# Fireplace remodel - replacing brick facing



## ron45 (Feb 25, 2014)

Posting a picture of yours would help.?


----------



## cumak (Apr 17, 2010)

I've attached a photo.

At the top of the facing there is a small gap between the brick and the ceiling. If I jab a screwdriver into that gap I can tell there is solid masonry behind the brick. Therefore, I believe my fireplace construction is similar to the photo in my original post.

Thank you.


----------



## ront02769 (Nov 28, 2008)

When I did something similar I needed to use steel studs instead of wood. Ron


----------



## Tscarborough (Mar 31, 2006)

That looks like thin brick to me.


----------



## cumak (Apr 17, 2010)

ront02769 said:


> When I did something similar I needed to use steel studs instead of wood. Ron


Ron - why did you need to use steel studs? Was heat a concern? I was hoping to use something thin like 1x4 strips. Did you just use masonry screws to secure them? In my case, I believe there are cement blocks behind the brick.



Tscarborough said:


> That looks like thin brick to me.


Nope, those are full size bricks.


----------



## ront02769 (Nov 28, 2008)

cumak said:


> Ron - why did you need to use steel studs?
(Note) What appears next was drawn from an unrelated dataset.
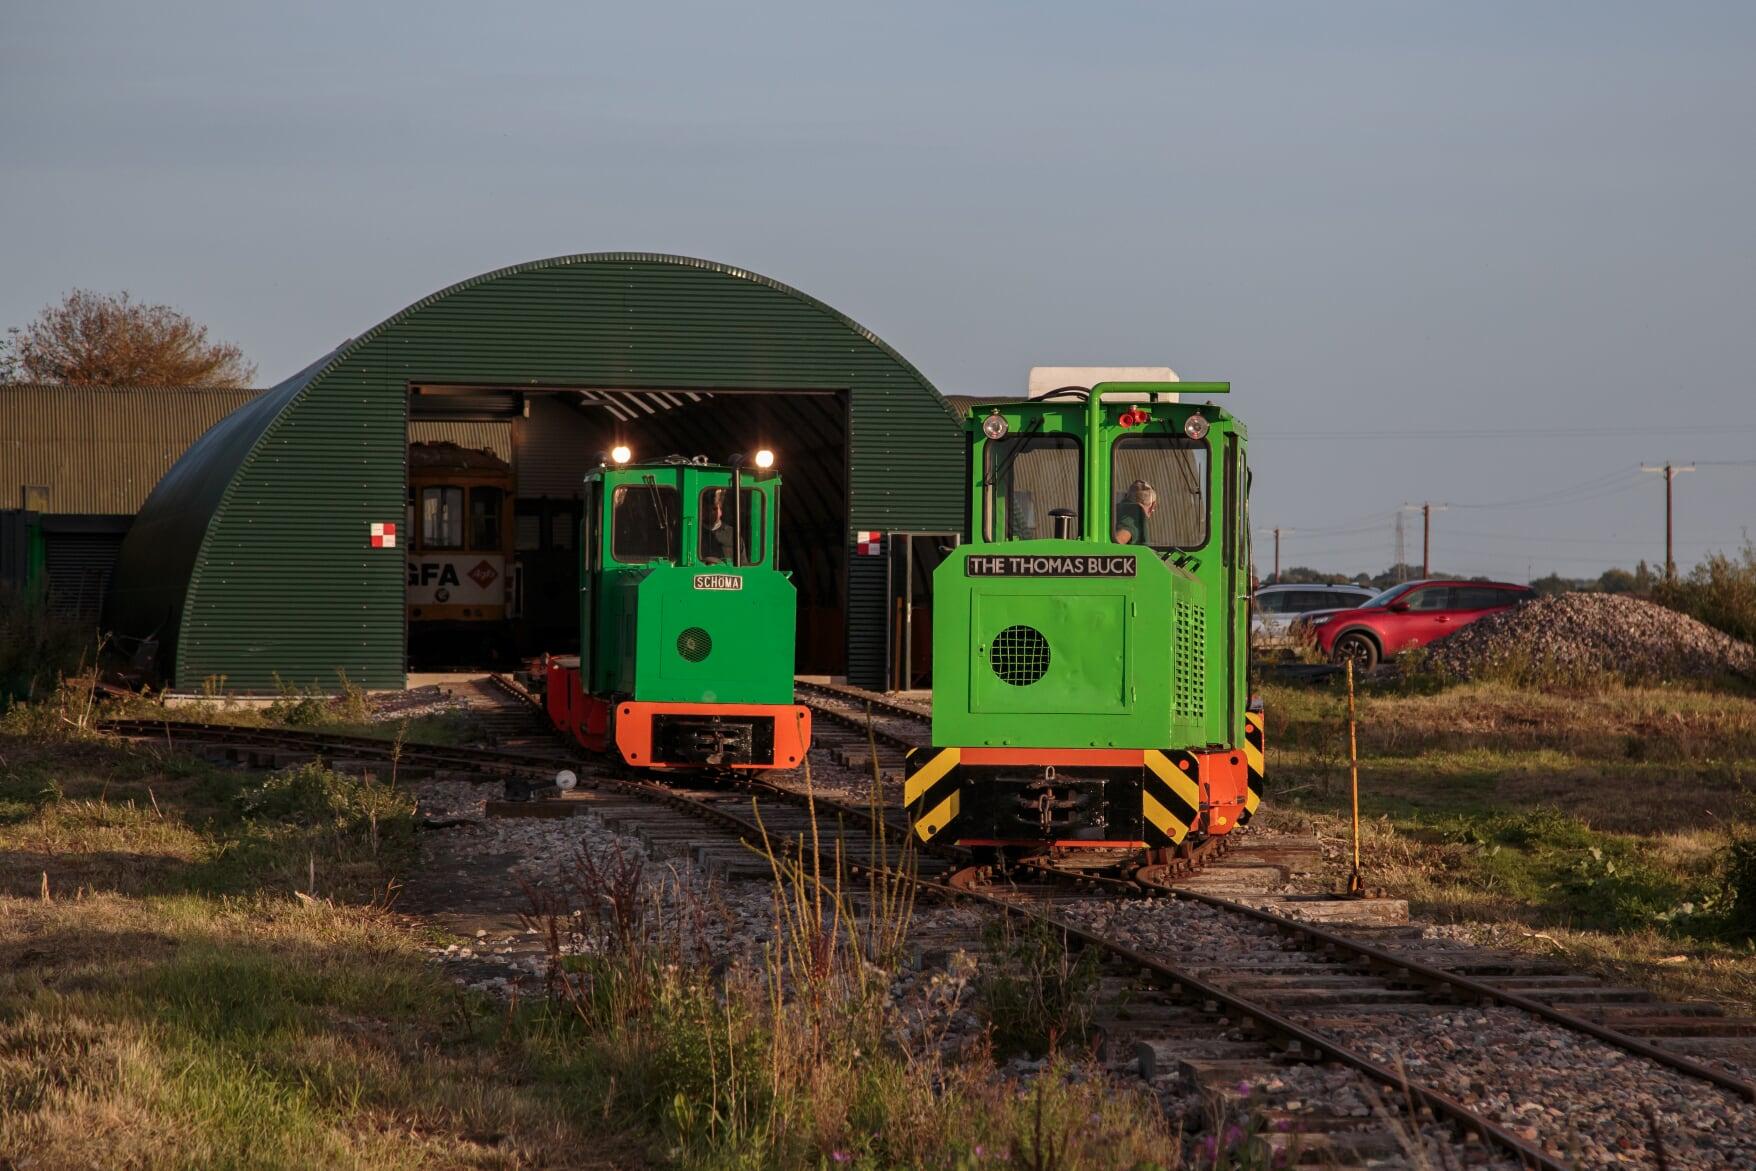 Schoma locos at Crowle Peatland Railway

Was heat a concern? I was hoping to use something thin like 1x4 strips. Did you just use masonry screws to secure them? In my case, I believe there are cement blocks behind the brick.
> 
> 
> Nope, those are full size bricks.


Because my neighbor, who was a fire Marshall in pawtucket ri, said it would be best. So I just did it. Ron


----------



## ron45 (Feb 25, 2014)

Did you have a chance to remove the bricks.?


----------



## cumak (Apr 17, 2010)

I removed a few bricks this evening, and much to my delight I found drywall behind it. Painted drywall, in perfect condition. This project just got a whole lot easier! I'll continue to remove brick until I get down to the mantle. If the rest of the wall looks this good, then I'll probably just skim coat and paint and call it a day.


----------